Your objective
Nothing outside the range below should be printed. Output exactly the lines from the line with "Márai, Sándor &" to the line with "镜sem的一种plesiomonasshigelloides细菌,是人", both included.

Provided material
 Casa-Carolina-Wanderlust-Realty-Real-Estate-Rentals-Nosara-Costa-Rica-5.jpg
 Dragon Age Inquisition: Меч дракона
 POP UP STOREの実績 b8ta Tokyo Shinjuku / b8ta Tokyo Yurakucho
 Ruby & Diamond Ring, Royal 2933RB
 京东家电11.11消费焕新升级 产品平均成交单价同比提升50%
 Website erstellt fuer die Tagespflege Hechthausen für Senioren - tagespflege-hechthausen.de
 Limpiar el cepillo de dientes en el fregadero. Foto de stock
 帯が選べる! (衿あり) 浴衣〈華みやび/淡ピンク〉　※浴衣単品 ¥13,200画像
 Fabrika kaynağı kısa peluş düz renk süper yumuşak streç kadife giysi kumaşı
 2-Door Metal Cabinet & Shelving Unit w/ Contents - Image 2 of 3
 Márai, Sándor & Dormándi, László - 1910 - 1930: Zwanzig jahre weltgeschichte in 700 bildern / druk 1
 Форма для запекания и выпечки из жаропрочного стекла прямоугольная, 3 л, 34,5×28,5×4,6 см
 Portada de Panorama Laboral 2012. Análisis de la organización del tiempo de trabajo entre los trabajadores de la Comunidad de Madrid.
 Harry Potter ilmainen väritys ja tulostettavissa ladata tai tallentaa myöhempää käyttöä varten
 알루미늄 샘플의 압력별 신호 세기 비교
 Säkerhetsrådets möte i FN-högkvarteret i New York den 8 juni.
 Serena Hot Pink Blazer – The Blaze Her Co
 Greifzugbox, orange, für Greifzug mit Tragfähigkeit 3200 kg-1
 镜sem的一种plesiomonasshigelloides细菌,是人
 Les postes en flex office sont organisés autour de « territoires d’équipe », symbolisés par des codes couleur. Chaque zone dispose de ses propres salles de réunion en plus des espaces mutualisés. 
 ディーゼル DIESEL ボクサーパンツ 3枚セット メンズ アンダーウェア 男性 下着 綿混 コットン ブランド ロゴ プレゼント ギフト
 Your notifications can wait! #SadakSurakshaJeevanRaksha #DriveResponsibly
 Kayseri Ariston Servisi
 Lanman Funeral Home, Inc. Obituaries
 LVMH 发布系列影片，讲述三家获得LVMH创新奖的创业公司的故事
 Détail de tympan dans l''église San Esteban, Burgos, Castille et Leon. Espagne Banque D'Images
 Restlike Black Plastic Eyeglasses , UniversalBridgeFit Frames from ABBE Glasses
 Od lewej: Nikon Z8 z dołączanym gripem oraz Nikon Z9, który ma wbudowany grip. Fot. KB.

Response to the task
 Márai, Sándor & Dormándi, László - 1910 - 1930: Zwanzig jahre weltgeschichte in 700 bildern / druk 1
 Форма для запекания и выпечки из жаропрочного стекла прямоугольная, 3 л, 34,5×28,5×4,6 см
 Portada de Panorama Laboral 2012. Análisis de la organización del tiempo de trabajo entre los trabajadores de la Comunidad de Madrid.
 Harry Potter ilmainen väritys ja tulostettavissa ladata tai tallentaa myöhempää käyttöä varten
 알루미늄 샘플의 압력별 신호 세기 비교
 Säkerhetsrådets möte i FN-högkvarteret i New York den 8 juni.
 Serena Hot Pink Blazer – The Blaze Her Co
 Greifzugbox, orange, für Greifzug mit Tragfähigkeit 3200 kg-1
 镜sem的一种plesiomonasshigelloides细菌,是人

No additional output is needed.